Constructs a vector of lowercased country names including aliases, without international organizations.

Usage

build_country_list()

Value

A character vector of country names.


Build entities corpus for entity matching

Description

Constructs a vector of lowercased international organization names and country names (including aliases) for use in entity detection.

Usage

build_entities_corpus()

Value

A character vector of entity names.


Clean text for analysis

Description

Removes editorial annotations in square brackets, parentheses, and curly braces from political speech transcripts.
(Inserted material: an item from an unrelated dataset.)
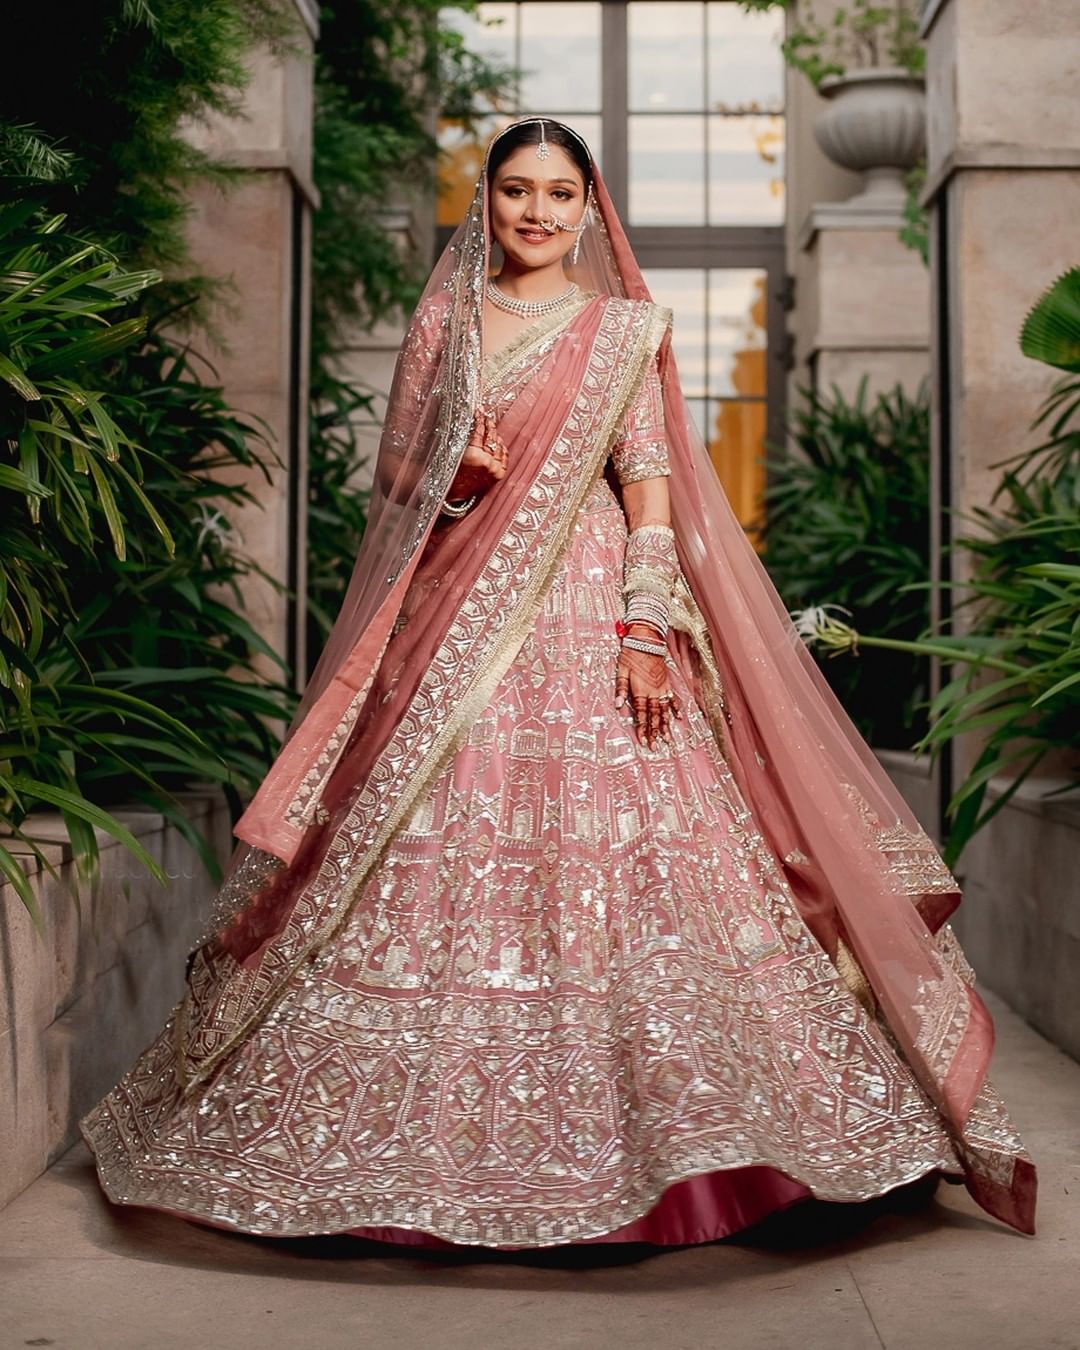 Bride Stuns In A Dusty Pink Stone-Studded Manish Malhotra Lehenga Pairs With Sleek Diamond Jewellery

Also normalizes whitespace and collapses double em-dashes left behind by removals.

Usage

clean_text(x)

Arguments

x

A character vector of text to clean.

Value

A character vector with annotations removed and whitespace normalized.

Examples

clean_text("We must act now [applause] for the future.")
clean_text("The president (speaking loudly) left the room.")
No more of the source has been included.